Most regions of Spain are sparsely populated, and the power supply is not sufficient in some areas of the country. Farming, however, is almost everywhere, and since farms need electricity, there are thousands of diesel generators in use to cover the needs of farms in remote areas. These fossil fuel-powered off-grid systems are not environmentally friendly and do not save resources. On top of that, the large amounts of fuel they consume make them expensive. Given the high levels of solar irradiation in Spain and the constantly falling cost of PV systems, it makes sense to supply farms with electricity using solar energy.

This is why the agricultural company Cereals Torremorell S.A. (CETOSA) opted for photovoltaics. CETOSA built a piglet farm near its corporate headquarters in Algerri, approximately 130 kilometres west of Barcelona, which has been powered by a PV system since April this year. Three Fronius Symo 20.0 inverters convert solar power into AC power that is either consumed directly by the farm or stored in two battery stacks. Six Victron Quattro inverter chargers, each of which have 10 kW rated power, are connected to the inverters and pass the electricity through four Victron BlueSolar charge controllers into the batteries that cover the electricity demand during the night.

The Victron devices form the core of the off-grid system because they are also connected to the backup diesel generator, which is fired up whenever the batteries are exhausted, for example after several days of bad weather. The inverter chargers are only disabled when the batteries are fully charged and the generated solar power is completely used up by the farm.

But this is rarely the case. If the batteries are fully charged during the day, then the PV system usually supplies more power than is needed. "This makes automatic power reduction necessary", said Francisco Heredia, who is responsible for technical support at Fronius Spain. "Our inverters have a special setup with a range of functions that ensure the stable operation of micro-grids", he added.

Power always under control

One of the most important of these functions is the frequency droop. The inverter and inverter charger communicate with each other to regulate the power and to prevent an excessive increase of the frequency in the micro-grid.

When the batteries are fully charged and the system is generating more solar energy than is being consumed, the inverter chargers slowly increase the frequency. At 51 Hz, the inverters react by reducing the PV power until the frequency does not increase any further. In extreme cases, it can reach 52.8 Hertz. At that point, PV power is suppressed completely. It is reduced to zero. The batteries can then be discharged and can completely take over supplying power. Voltage-dependent power reduction is also possible, and this guarantees the stability of the grid at all times.

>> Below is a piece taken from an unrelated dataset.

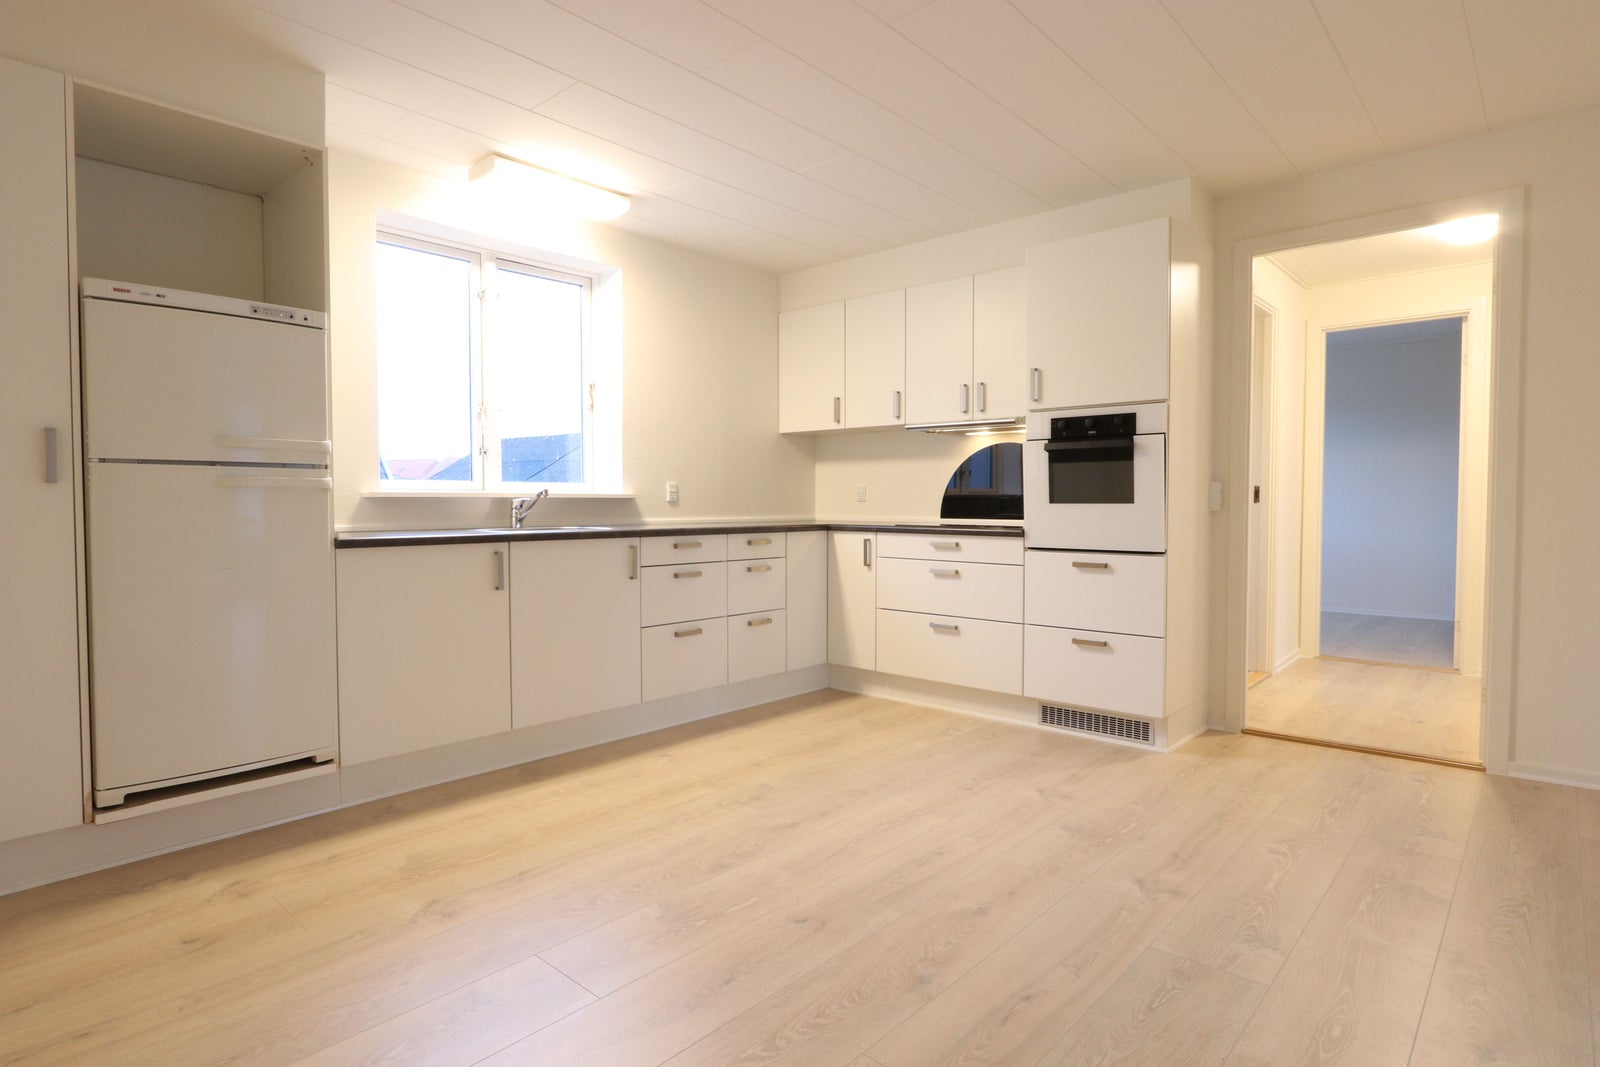 3 værelses lejlighed i Horsens 8700 på 83 kvm

A common monitoring system was implemented using the Victron Color Control Display CCGX to combine the installation into a single system. This is possible because the CCGX and Fronius Datamanager are on the same grid. The plant operator can always access the off-grid system's current data using the Victron Monitoring Portal. The online portal Fronius Solar.web ( provides comprehensive presentation and analysis of the PV system data.

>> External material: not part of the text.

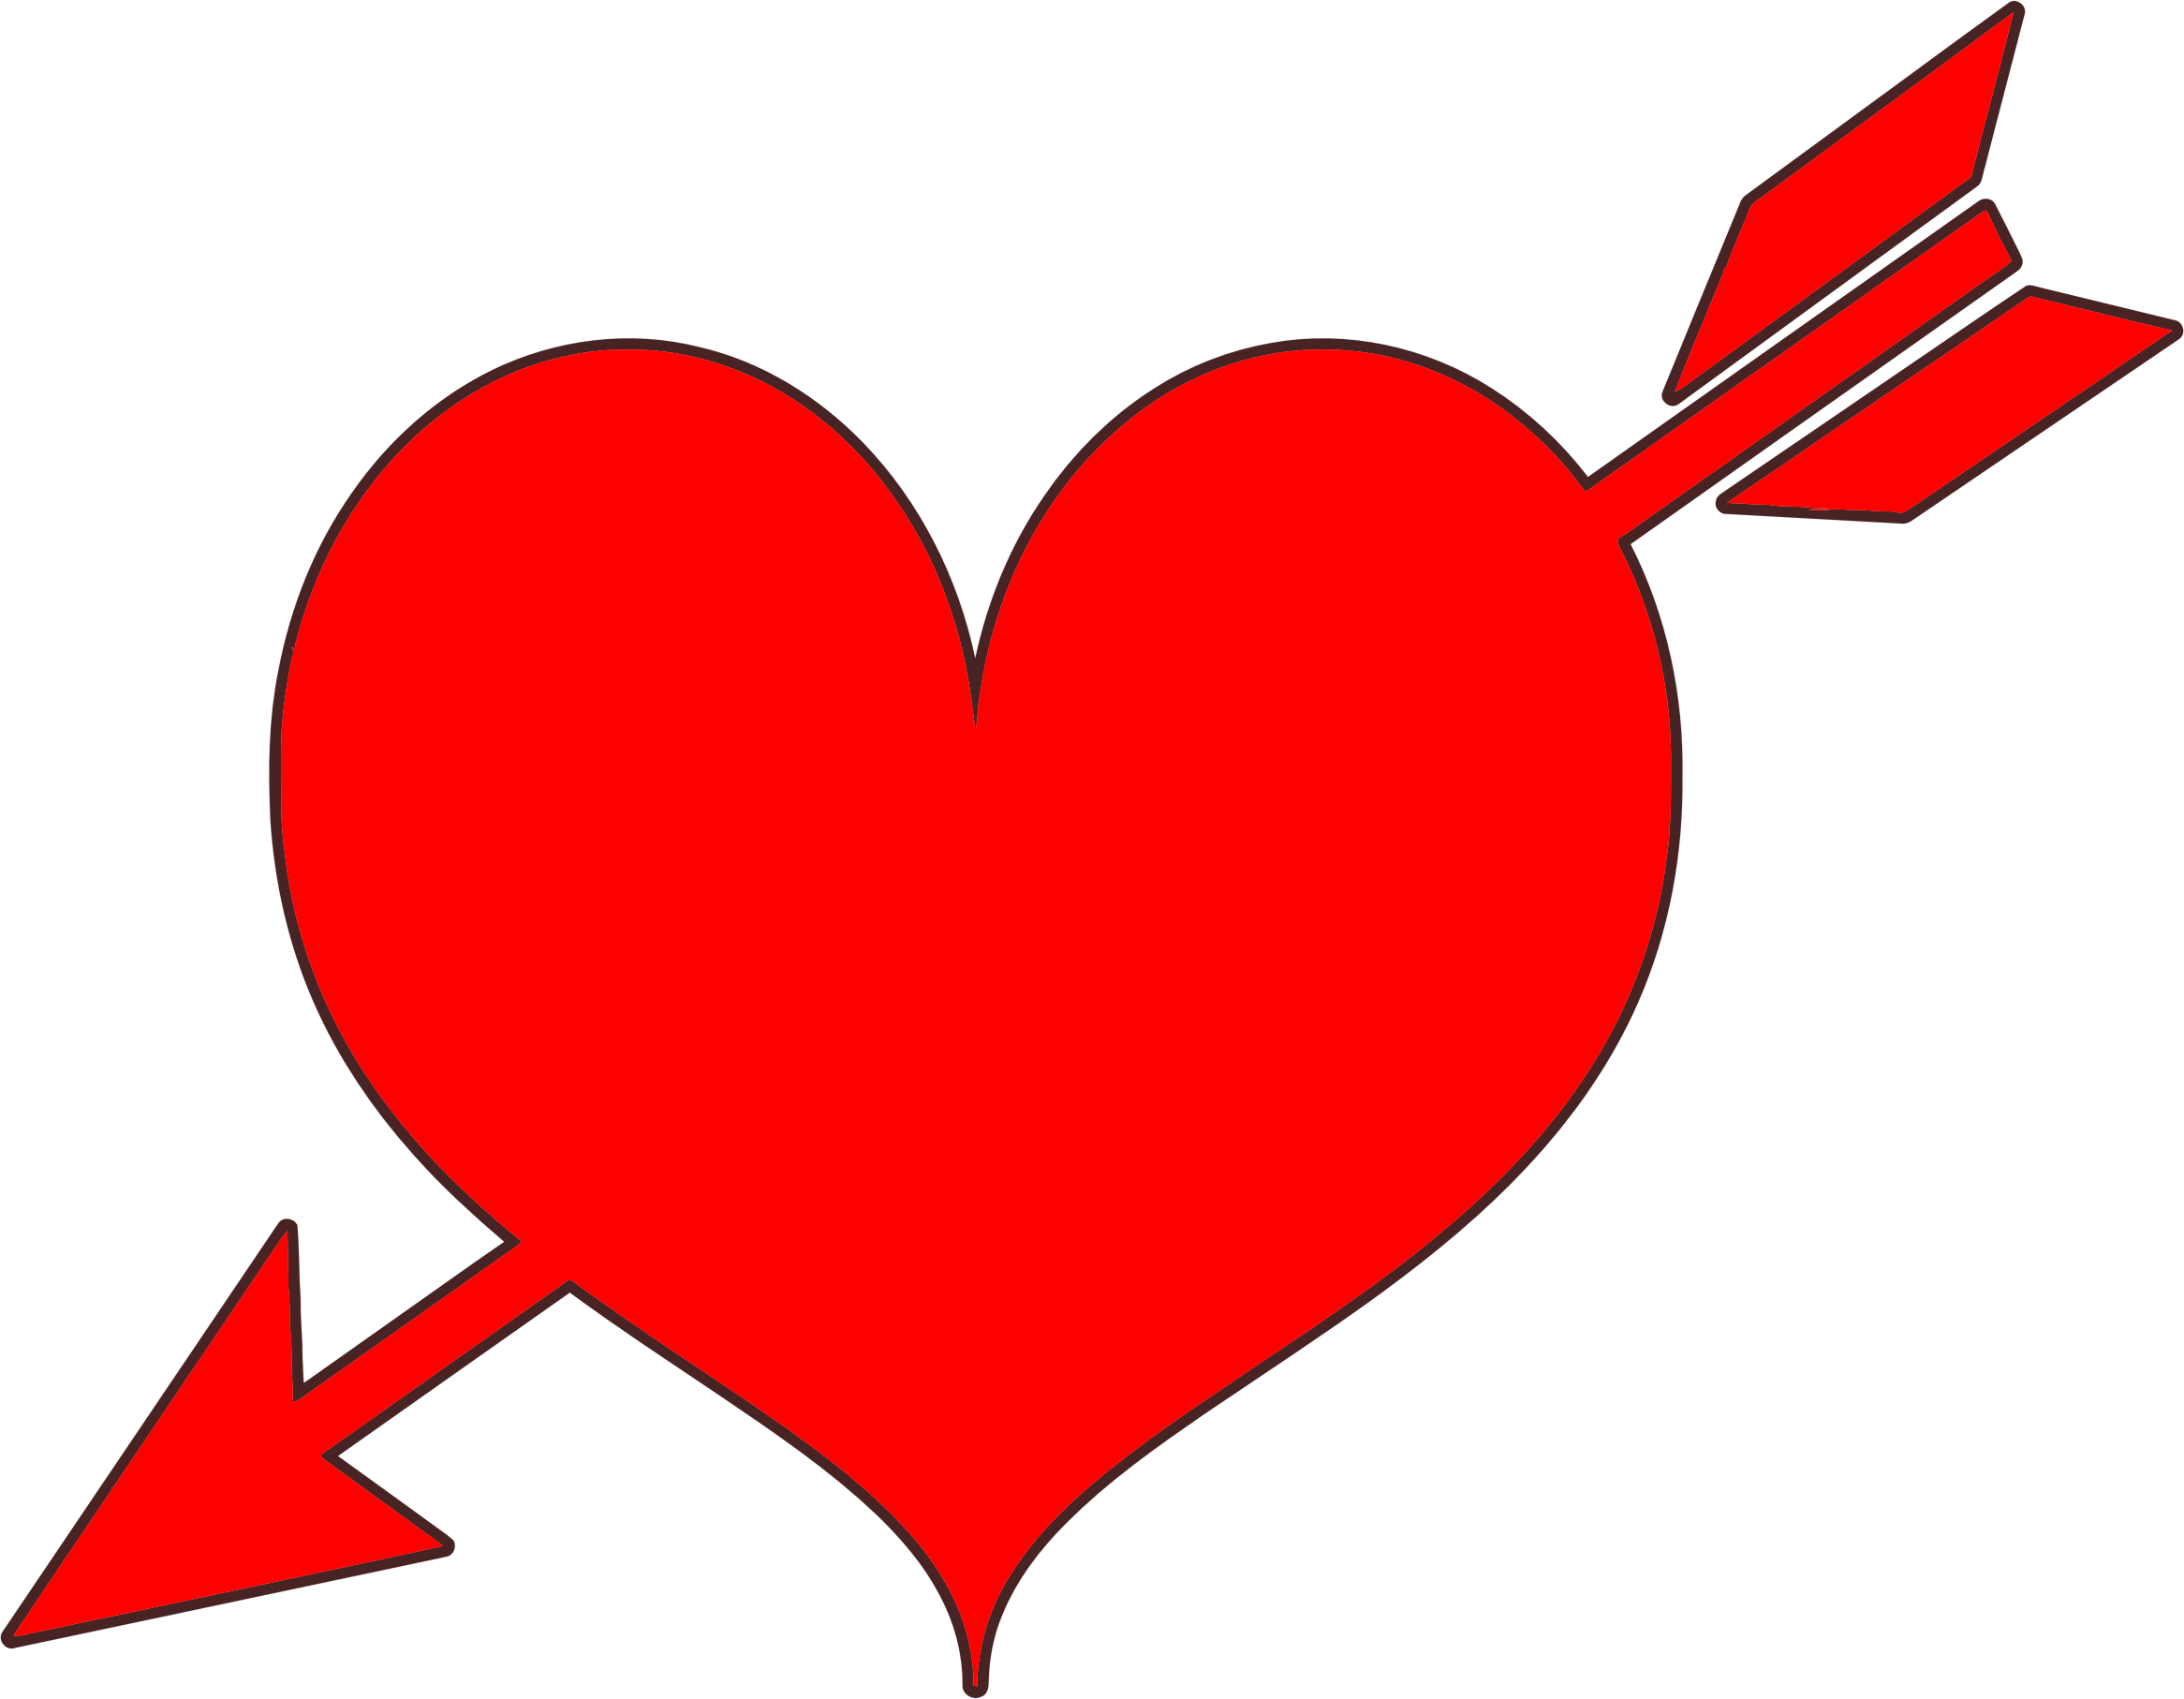 Heart Arrow - Red Heart With Arrow (2332x1814)

The two battery stacks consist of a number of lead-acid batteries. Each has a capacity of 75 kWh and weighs 2.1 tonnes. Lithium batteries weigh significantly less, but they were not taken into consideration for this project because lead-acid batteries are less expensive. The purchase cost per kilowatt hour capacity is significantly lower. Weight does not matter for stationary applications. This means that lead-acid batteries are still competitive, even if you take into account that the rated capacity cannot be fully utilised because deep discharge would considerably shorten the life of lead-acid batteries.

The operating results from the first seven months are now available. The average power consumption of the piglet farm during this period was between 4 and 6 kW. The daily requirement is between 100 and 150 kWh. Approximately half of this amount of power came directly from the solar generator and the other half from the battery. The contribution made by the diesel generator was negligible during the past summer. There were only two days in October when the diesel generator had to be fired up and generate electricity for a few hours.

The diesel generator may need to be started more often during the winter. Next spring, the operators will know how much fossil fuel is needed to ensure the power supply of a farm this size. The piglet farm in Algerri could become a model for similar businesses and contribute to replacing fossil fuels almost completely in the power supply of off-grid systems.